Looks like you might want to rotate that circulator 90 degrees. So the motor shaft is horizontal.


----------



## SIERRADMAX (Jan 18, 2013)

Noted. Thanks


----------



## Tinder (Jan 18, 2013)

SIERRADMAX said:


> Will I be better off getting the damper lower to reduce the risk of back-puffing?


Definitely! IMO that's a huge part of your problem.


----------



## maple1 (Jan 18, 2013)

If the white thing on the end of the T is a barometric damper, I like that spot. It is out of the natural smoke stream, and it makes a good cleanout - you could just stick an ash scraper tool in there & drag out any ash that accumulates in the horizontal pipe without taking anything apart, and even get some out of the back of the boiler if your cleaning tool is bendy or can go around corners a bit.

So is the layout in that pic the same layout that has smoke coming out of the damper?


----------



## taxidermist (Jan 18, 2013)

I could only install mine low because it was a after thought. I am glad I did it wotks great.

Rob


----------



## SIERRADMAX (Jan 18, 2013)

maple1 said:


> So is the layout in that pic the same layout that has smoke coming out of the damper?


 
Yes, Smoke is still coming out of the damper in that location.


----------



## maple1 (Jan 18, 2013)

That still seems odd to me, but others have said they've seen the same thing, so there ya go.
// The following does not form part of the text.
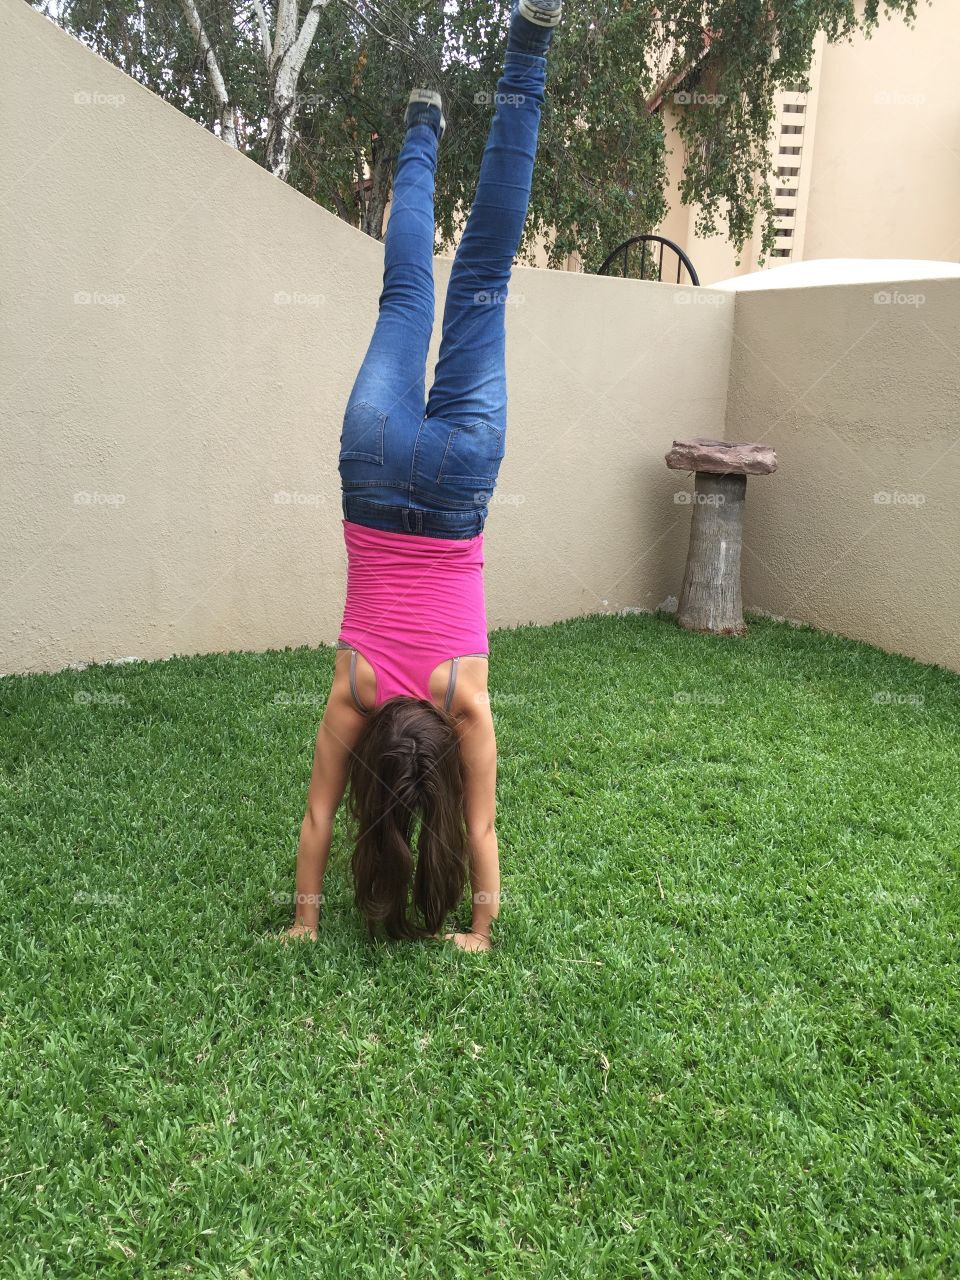 Summer! Throw back your inhibitions and do that handstand. It’s time to enjoy the sunshine

I'm doubtful though that putting it lower will improve that situation though - if the smoke is coming down that far, it'll likely come down lower too.

Did you try, when the smoke was coming out, temporarily opening a window just to see if that helped?


----------



## taxidermist (Jan 18, 2013)

maple1 said:


> That still seems odd to me, but others have said they've seen the same thing, so there ya go.
> 
> I'm doubtful though that putting it lower will improve that situation though - if the smoke is coming down that far, it'll likely come down lower too.
> 
> Did you try, when the smoke was coming out, temporarily opening a window just to see if that helped?
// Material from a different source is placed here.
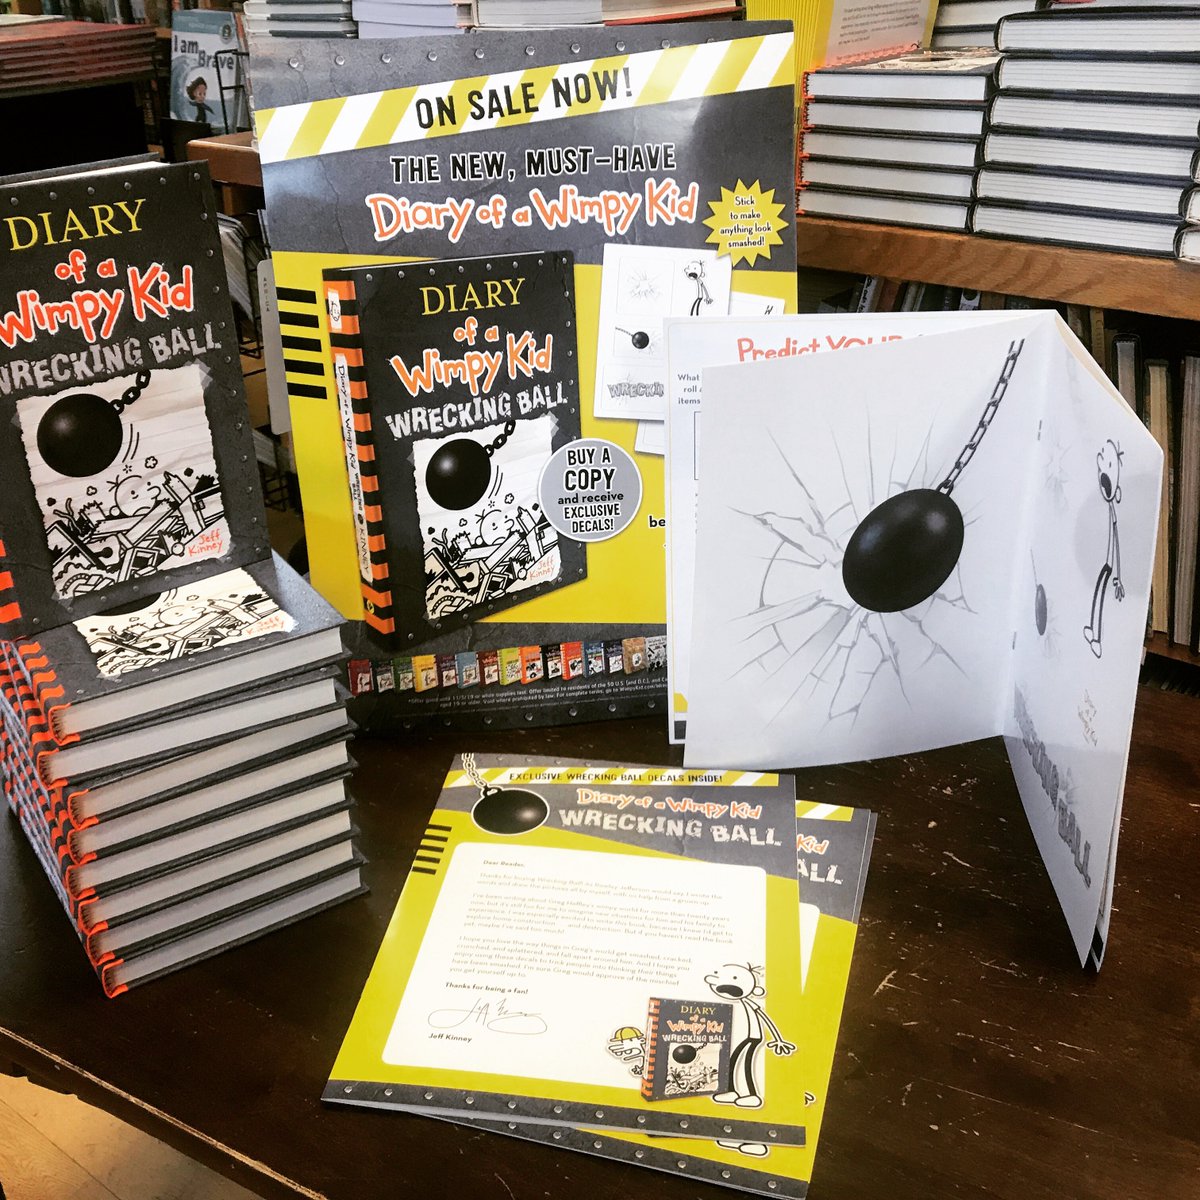 Get your copy of # WreckingBall, the 14th @wimpykid book! Don't forget to pick up a bonus gift of activities and stickers! #801life #amuletbooks

 yeah the only thing that will make the smoke quit coming down is to light the EB and shut off the wood stove. lol


----------



## goosegunner (Jan 18, 2013)

Your wood stove is probably using the boiler flue to draw make up air into the house. 

I added a 8" kitchen strainer over my barometric damper. I had a few puffs the produced embers out of my damper. It is an extra precaution that I would recommend.

gg


----------